Design Recommendation Module:
1. Scenario: class Recommender {}
2. Necessary: 2000 QPS
3. Application/Kilobytes: 倒排索引 u1: m1, m3, m7 —> m1: u1, u3 — 50 QPS; 算法改进提升QPS的性能
4. Evolve:
1. Preparer — raw data/index — recommenders — dispatcher x 40 (2000QPS/50QPS); 用50个dispatchers满足QPS的需求
2. Feed cache — (Dispatcher) — Data Manager
3. Loggers
Design User System
SNAKE Analysis
1. Scenario
1. Register/Update/Remove
2. Login/Logout
3. Balance/Membership
2. Necessary — Register
1. Ask:
1. Total users: 100M
2. DAU: 1M
2. Predict:
1. DAU in three months: 1M * 2 = 2M
2. Register percentage: 1% 新用户
3. Daily new registered users = 2M * 1% = 10K
4. Login percentage: 15% 用户日登录率
5. Average login time: 1.2 验证码输错、重复设备登录
6. Daily login time: 2M * 15% * 1.2 = 360K
7. Average login frequency: 360K / 86400s = 4.2/s
8. Avg login frequency: 4.2/s * 10 = 42/s 晚间登录高峰 10倍左右
3. Application
1. Receptionist
2. Account Service
1. User model
1. userId 节省空间 primary key 便于比较,检测
2. username
3. password (hidden)
4. state (active/inactive/banned)
2. table<User> — CRUD 增选改删
3. verification & ban — State Lifecycle Graph
1. Register — verified ? approved — (active) : Rejected — (inactive)
2. (active) — ban — (banned) — Unban — (active)
3. (active) — Deactivate — (Inactive) — Activate — (active)
4. 对于删除或注销账户,为了保证数据一致性,一般不支持移除账户的操作、或对用户名修改为『已注销』
5. logout automatically 对于银行账户:15min无操作则自动登出
6. find userId: userId = 21? userId within [4, 20]?
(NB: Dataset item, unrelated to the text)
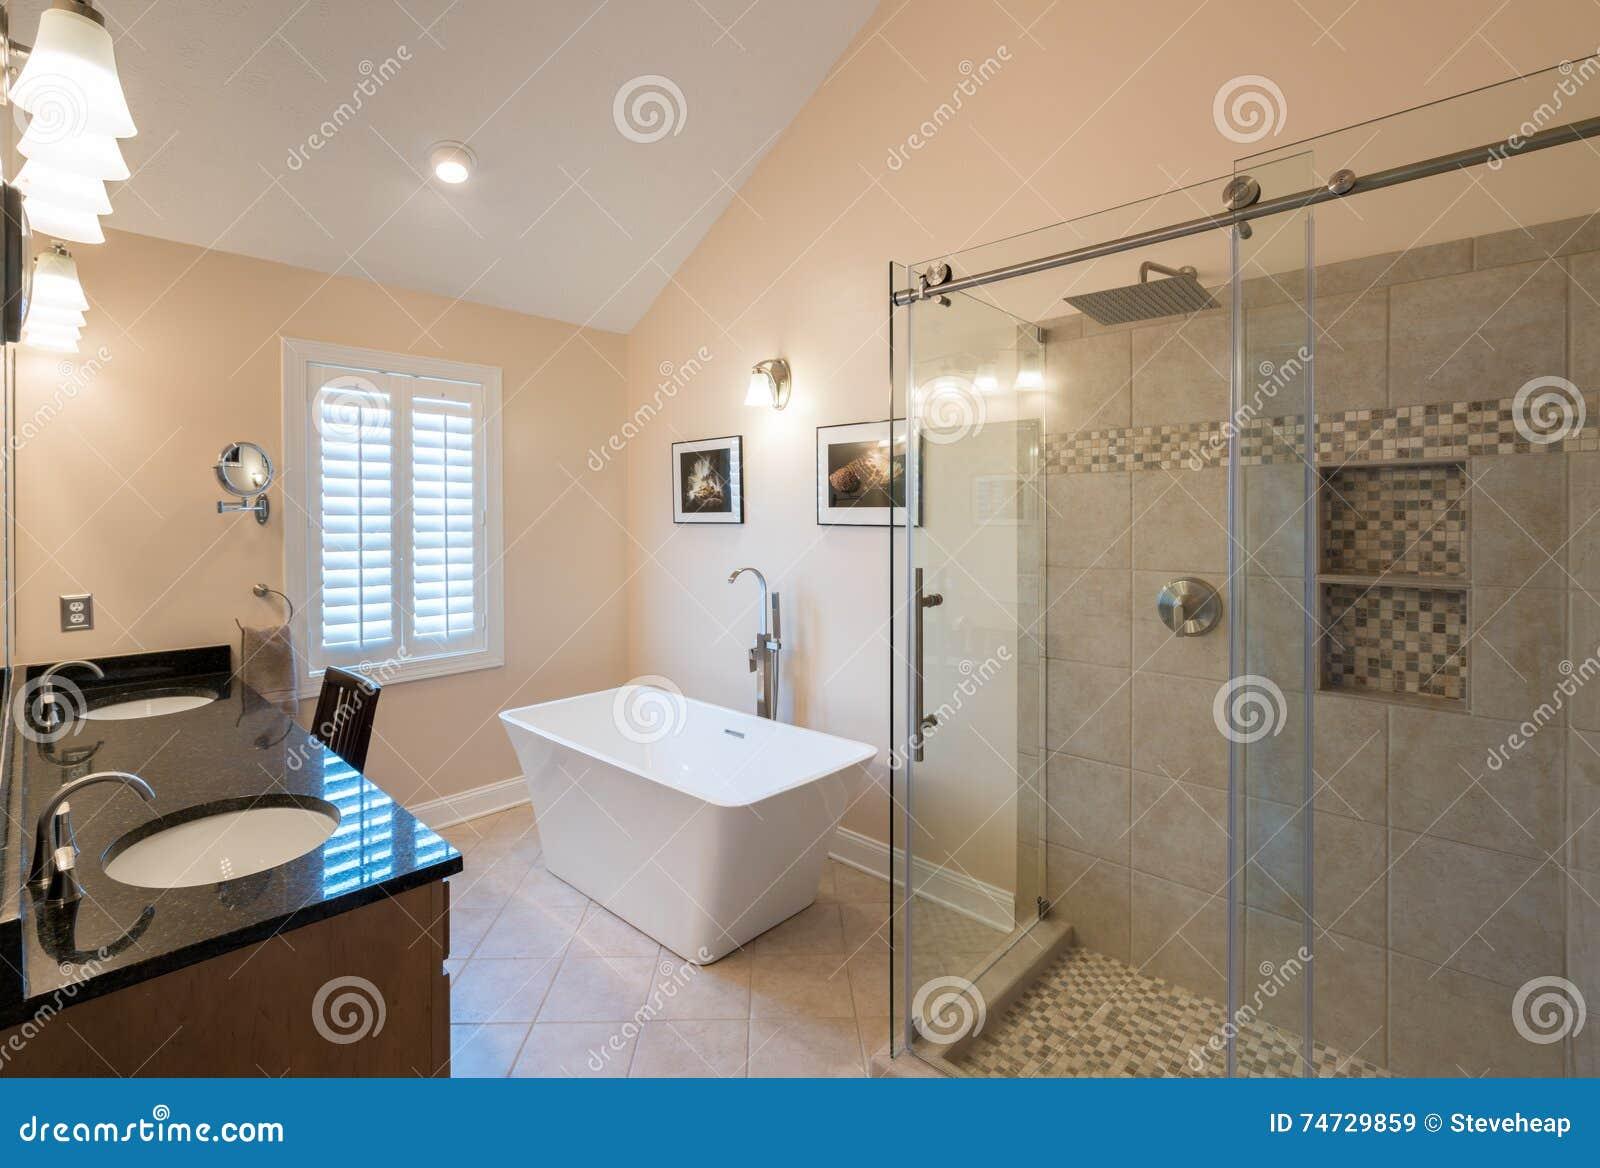 Banheiro Moderno Com Cuba Autônoma E Vaidade Foto de Stock Imagem  #82A328 1300 966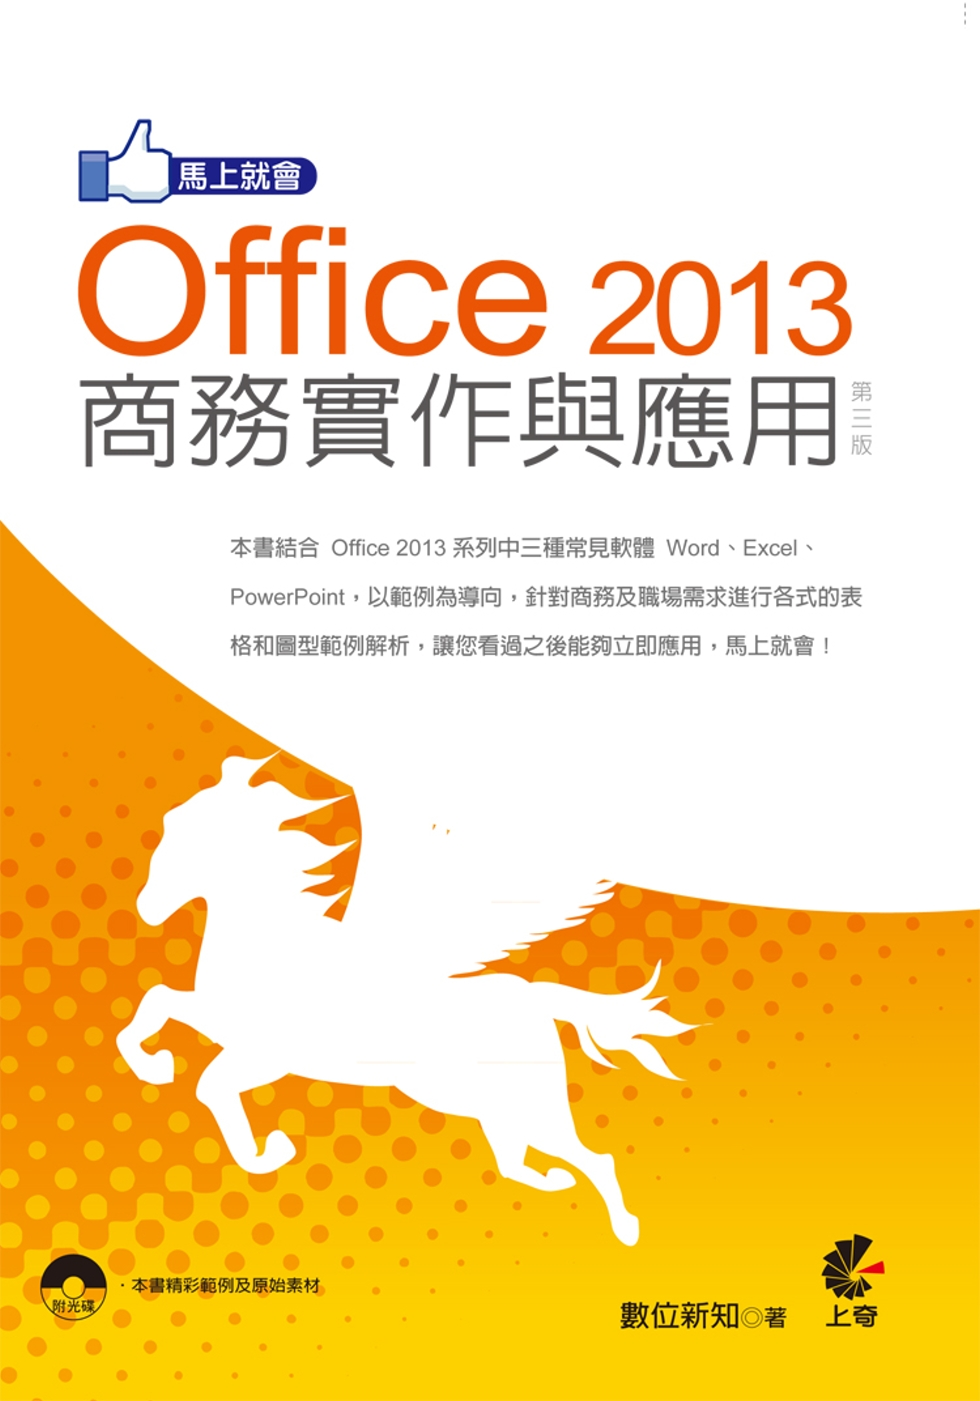 馬上就會 Office 2013 商務實作與應用(第三版)附光碟

7. login on multiple devices
3. Session: a conversation between a user and a server
1. sessionId: data sync
2. 每个用户有一个sessionList 但这样比较复杂 sessionList长度不定,而且修改很频繁
3. 所以 拆解数据 以sessionId做primary key 以userId做foreign key 这是MySQL的思想
4. 最终分为UserTable和SessionTable 这就引入了inheritance 都属于class Table
4. How to find
1. find userId = 21:
1. Index with hash: O(1) time
2. Index with BST: O(logN) time, O(N) space
2. find userId in a range: range query
1. Index with BST: O(logN+k), k is the length of range
2. B+ Tree: O(logN) with base 2 —> O(logN) with base B, B can be 8, 32, 1024…
5. Evolve: How to support payment on membership?
1. class Membership {int userId, time endTime, double money, addMoney(), buyMembership()}
2. Problem
1. transaction & log 钱和会员时限同步更新,并在log记录,如果出问题,可以通过log的记录recover
2. ACID principle
1. atomicity: all or nothing (lock and log)
2. consistency: valid according to all defined rules (checker)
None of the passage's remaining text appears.